## COLLECTED DATA:
▼▼▼
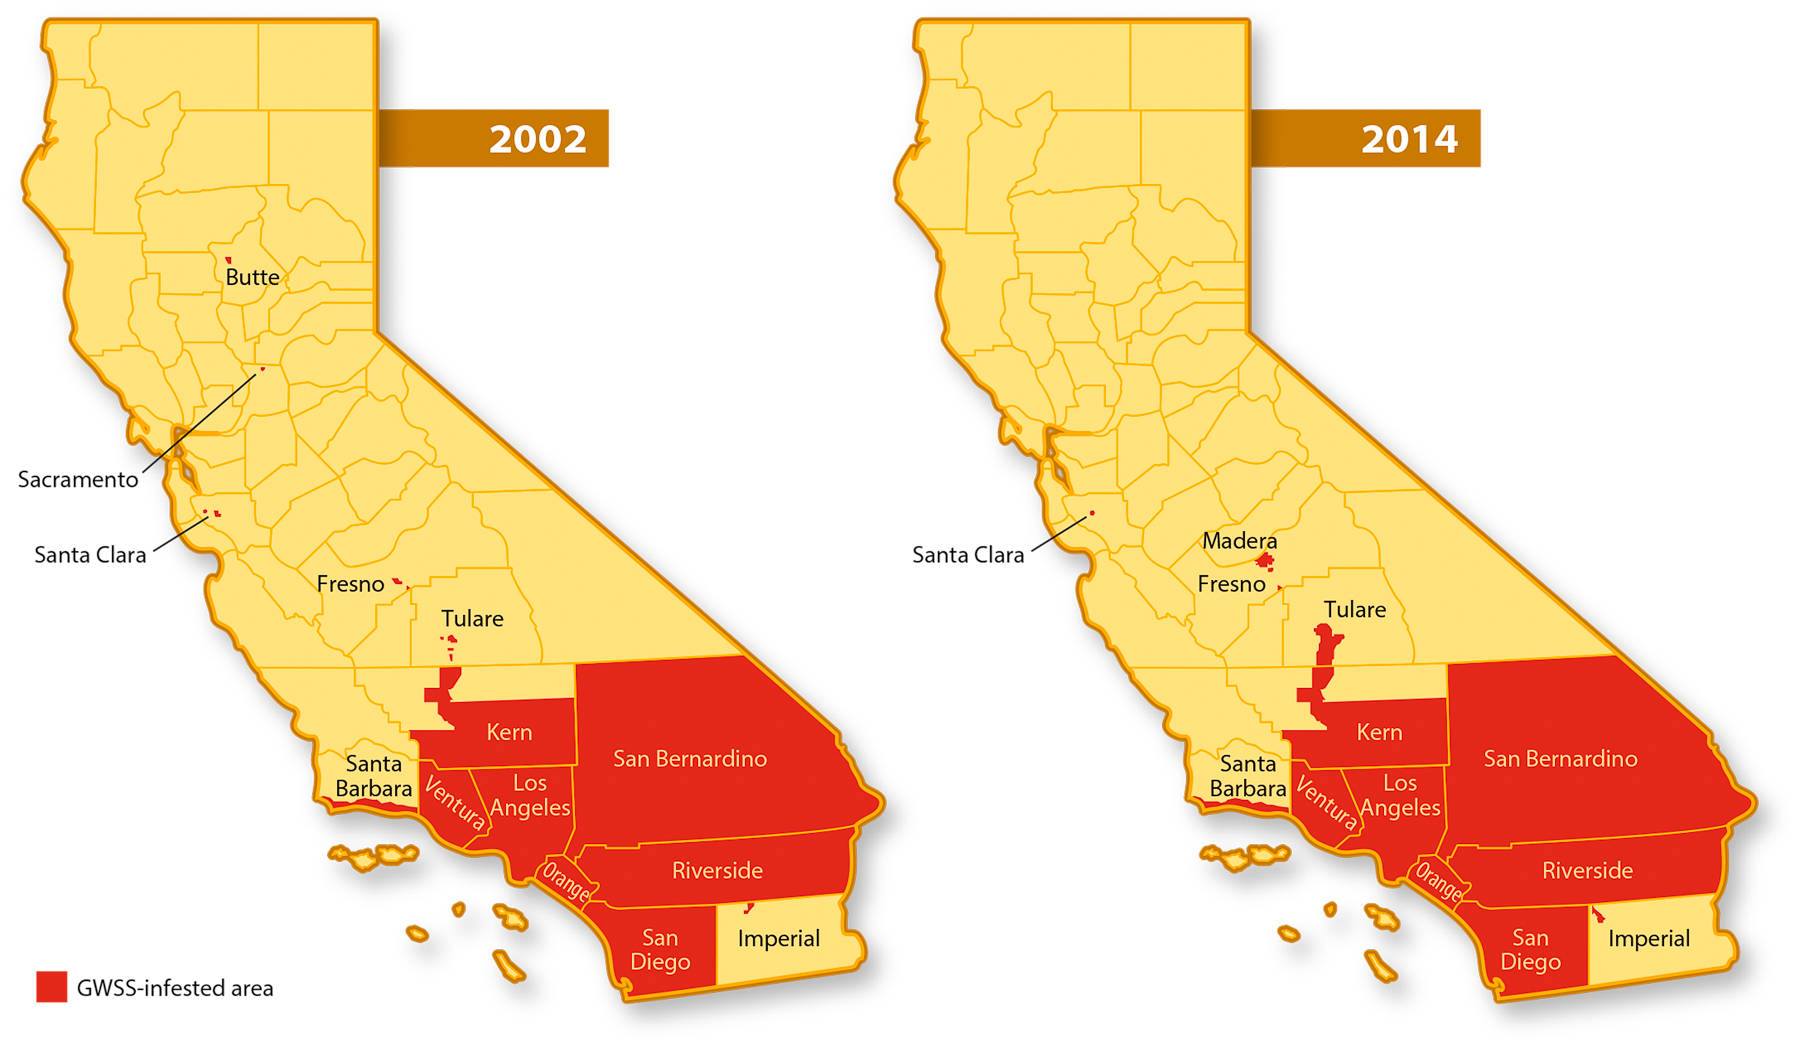 Areas of California infested by GWSS in 2002 and 2014. At the end of 2002, GWSS was confined mostly to Southern California counties, with minor infestations in three Northern California counties. The Southern California infestation in 2014 is slightly expanded compared to the infestation in 2002, but some Northern California infestations have been eradicated. Other infestation maps are available at cdfa.ca.gov/pdcp/map_index.html.
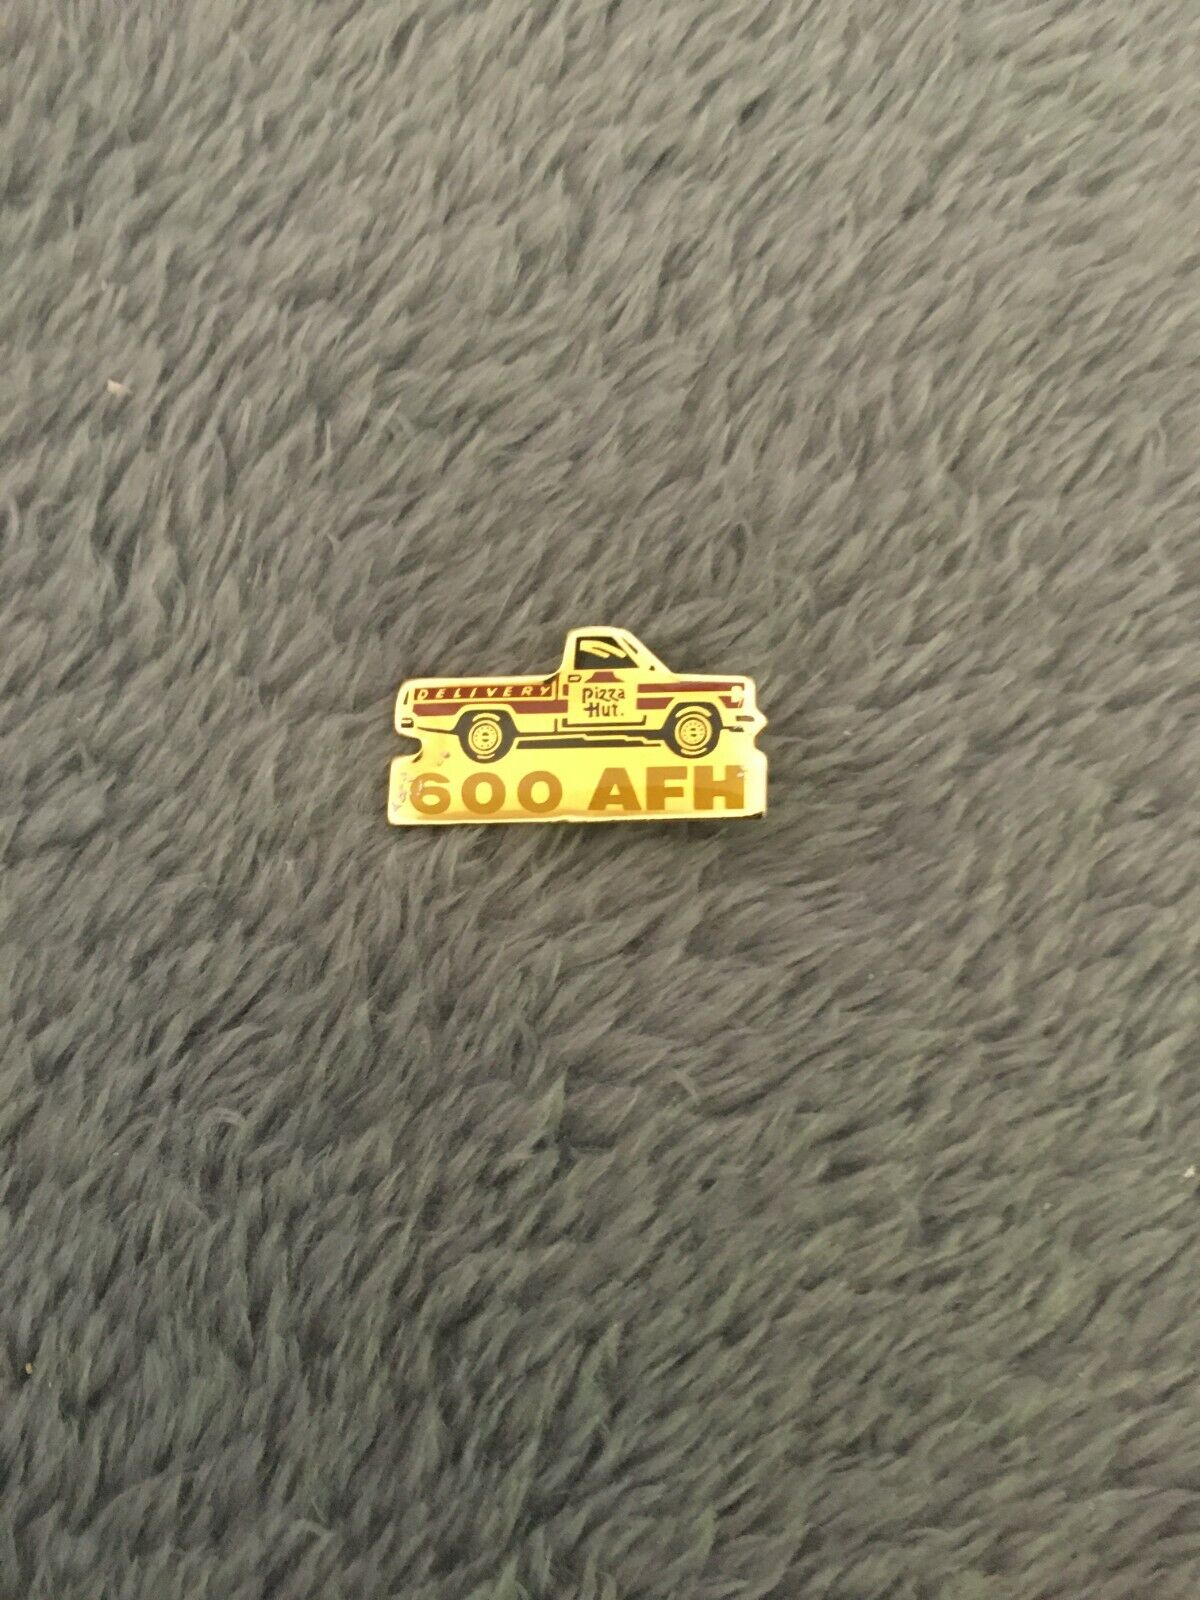 Pizza Hut employee achievement pin (600 AFH) for accident-free hours
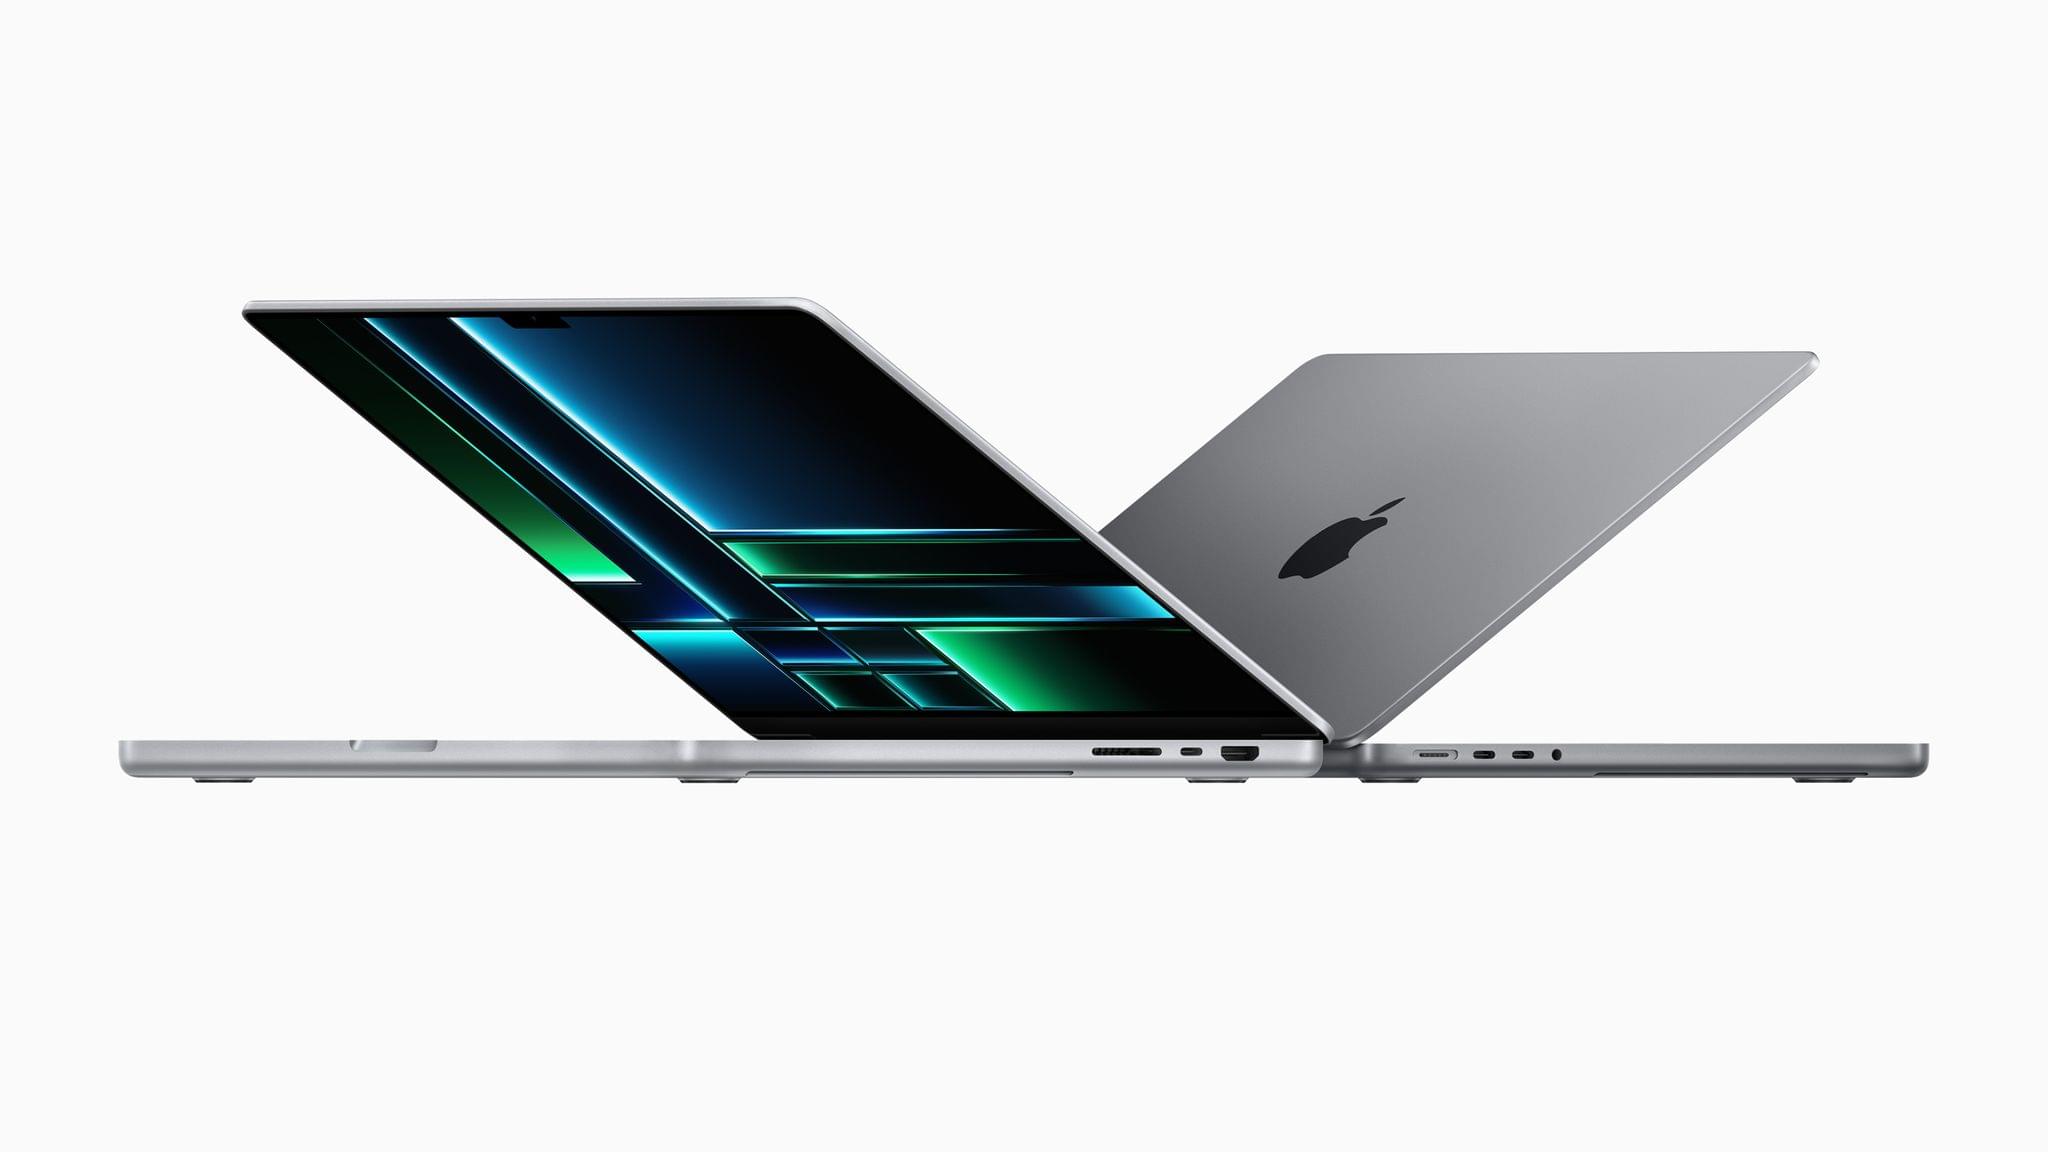 The M2 Max MacBook Pros have potential as gaming laptops if developers adapt their games for the system.
▲▲▲
## TASK DETAILS:
Give back the full listing exactly as written, only without its pictures.

## YOUR SOLUTION:
 Areas of California infested by GWSS in 2002 and 2014. At the end of 2002, GWSS was confined mostly to Southern California counties, with minor infestations in three Northern California counties. The Southern California infestation in 2014 is slightly expanded compared to the infestation in 2002, but some Northern California infestations have been eradicated. Other infestation maps are available at cdfa.ca.gov/pdcp/map_index.html.
 Pizza Hut employee achievement pin (600 AFH) for accident-free hours
 The M2 Max MacBook Pros have potential as gaming laptops if developers adapt their games for the system.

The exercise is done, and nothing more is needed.